Urine Drug Screen Prior Authorization
Independent Care Health Plan Urine Drug Screen Prior Authorization Requirements
Effective April 2016, iCare updated its prior authorization policy for Testing for Drugs of Abuse in order to be compliant with the State's Policy for covered and non-covered services, substance abuse/dependence and chronic opioid pain treatment. Medicare beneficiaries must follow Medicare coverage determination guidelines.
All outpatient drugs of abuse testing, both presumptive and definitive, require a prior authorization request.
The following supporting clinical documentation is required to make a determination:
- Clinical documentation that fully supports the medical necessity for the service rendered. This documentation includes, but is not limited to relevant medical history, physical examination, risk assessment, and results of pertinent diagnostic procedures
- A signed and dated member-specific order for each drug test. This order must provide sufficient information to substantiate each testing panel component performed. Standing orders, custom profiles, and orders to conduct additional testing as needed are insufficient and cannot be used to verify medical nece3ssity
- Rationale for ordering a definitive drug test for each drug class tested
- If a direct-to-definitive drug test is ordered, documentation supporting the inadequacy of presumptive drug testing
Independent Care Health Plan will authorize testing for drugs of abuse within the following guidelines:
Presumptive Drug Testing in Treatment for Substance Abuse or Dependence (Presumptive tests):
- Members who have abstained for ≤ 90 consecutive days: up to 1 to 3 tests per week
- Members who have abstained for ≥ 90 consecutive days: up to 1 to 3 tests per month
Definitive Drug Testing in Treatment for Substance Abuse or Dependence:
- Members who have abstained for ≤ 30 consecutive days: up to 1 test per week (determined by medical necessity and clinical practice guidelines)

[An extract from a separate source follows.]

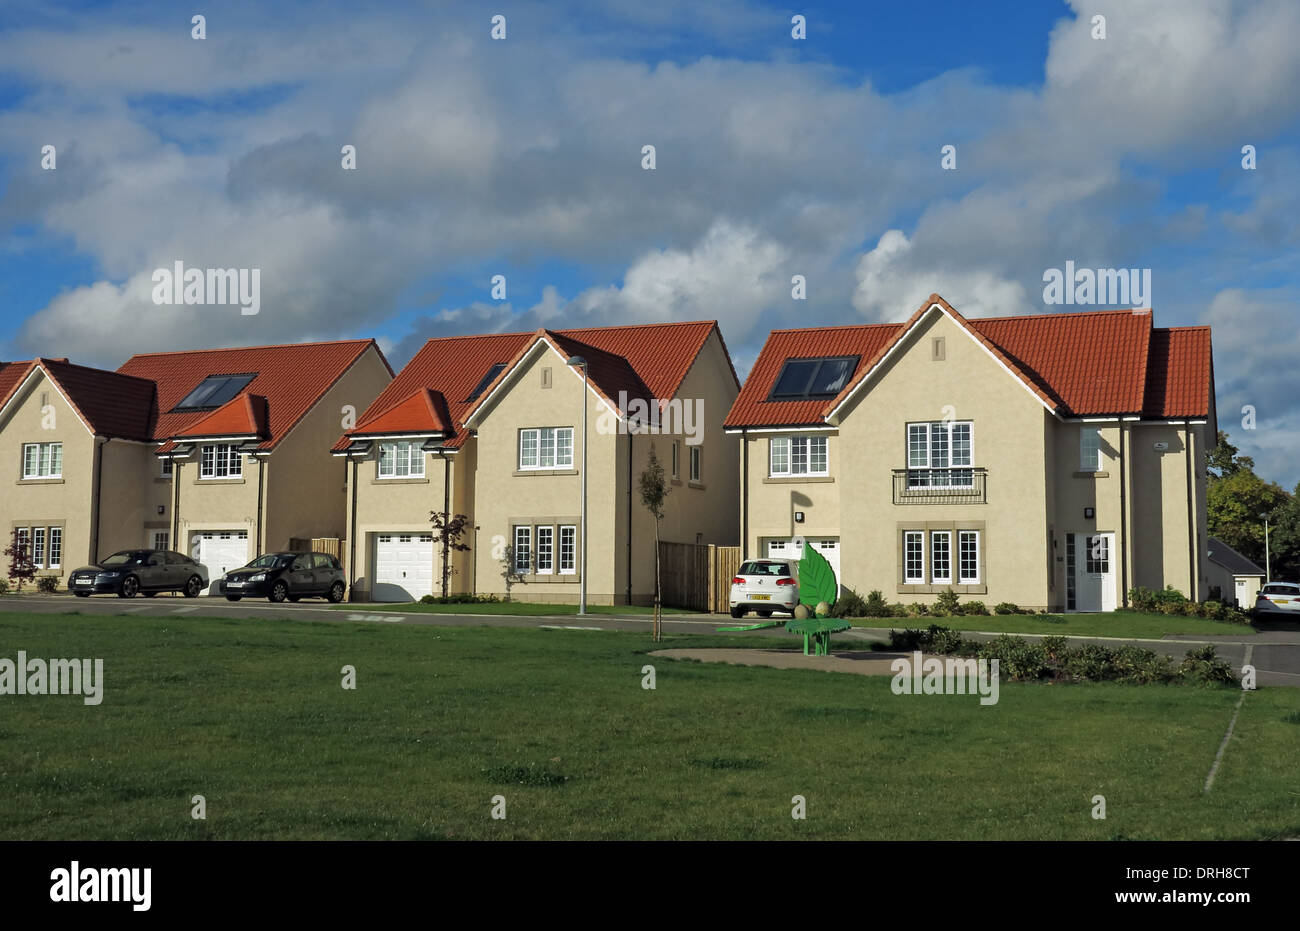 New build houses on an estate Eskbank, near Dalkeith Edinburgh Midlothian Scotland - Stock Image

- Members who have abstained for between 30-90 consecutive days, inclusive: up to 1 to 3 tests per month (determined by medical necessity and clinical practice guidelines)

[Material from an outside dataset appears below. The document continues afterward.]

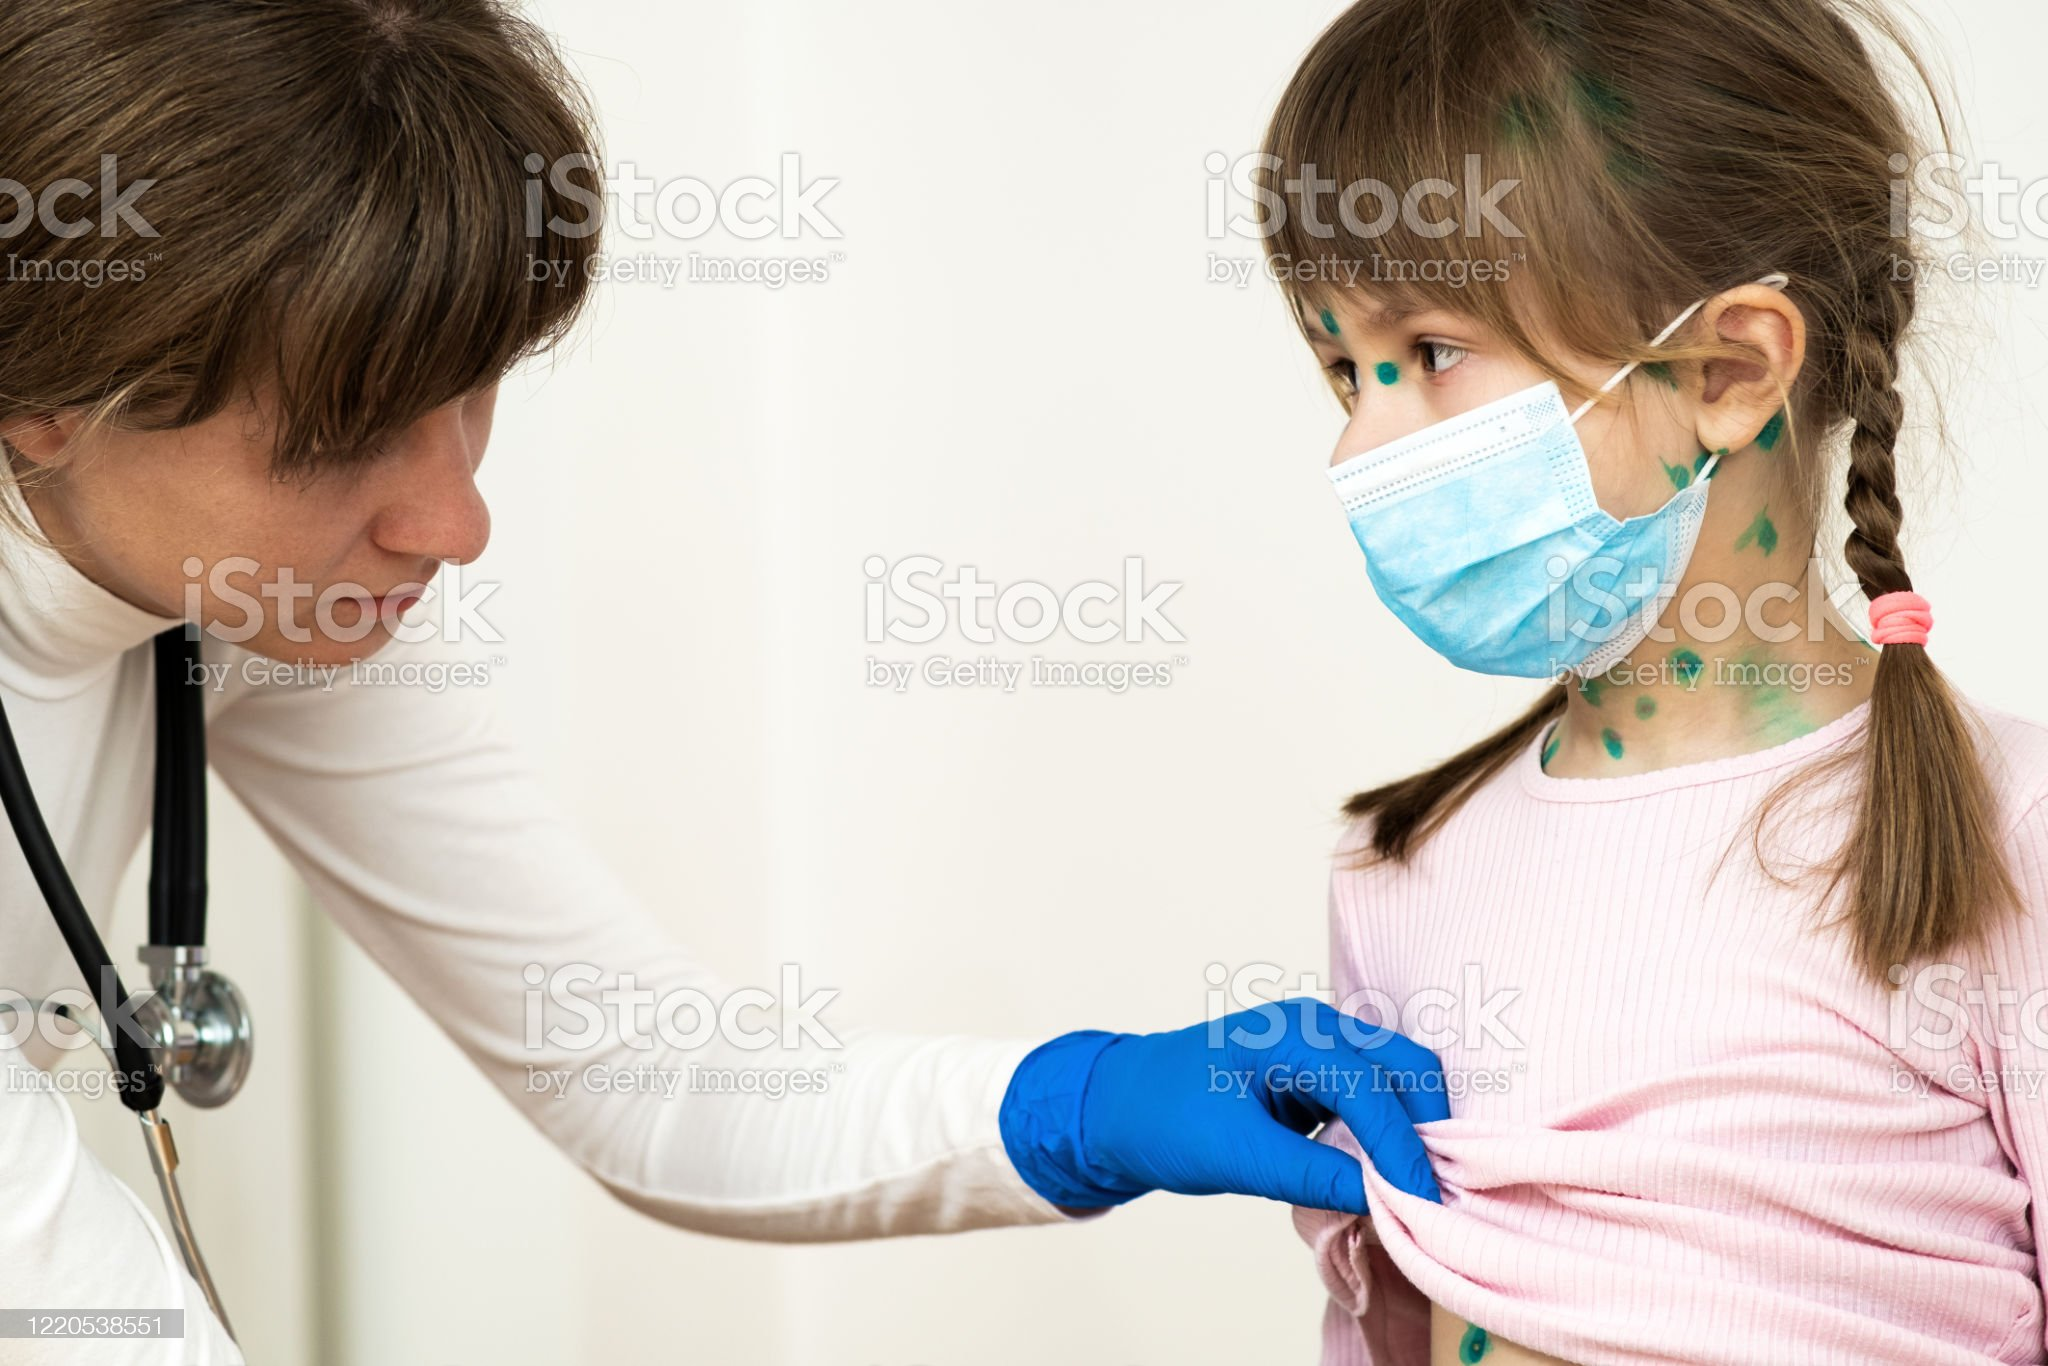 Doctor Radiologist Examining Xray High-Res Stock Photo

- Members who have abstained for ≥ 91 consecutive days: up to 1 to 3 tests per 3 months (determined by medical necessity and clinical practice guidelines)
Presumptive Drug Testing in Chronic Opioid Therapy(Providers are required to document the prescribing frequency and rationale for prescribing opioid therapy, as well as performing a standardized risk assessment. This data must be included in the prior authorization request for presumptive drug testing in chronic opioid therapy)iCare will only authorize one urine drug screen at a time when the indication is chronic opioid therapy. Prior authorization requests for multiple urine drug screens will not be accepted:
- Members with low risk for abuse: up to 1 to 2 times per year (determined by medical necessity and clinical practice guidelines)

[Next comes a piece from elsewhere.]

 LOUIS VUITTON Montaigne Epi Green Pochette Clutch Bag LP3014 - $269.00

- Members with moderate risk for abuse: up to 1 to 2 times per 6 months (determined by medical necessity and clinical practice guidelines)
- Members with high risk for abuse: up to 1 to 3 times per 3 months (determined by medical necessity and clinical practice guidelines)
Referrals are required for:
- Second (or additional) opinions
- Referrals to non-participating providers outside of the member’s home state
To request prior authorization for a referral, please submit the Prior Authorization Request form as well as clinical documentation to support medical necessity for the requested referral.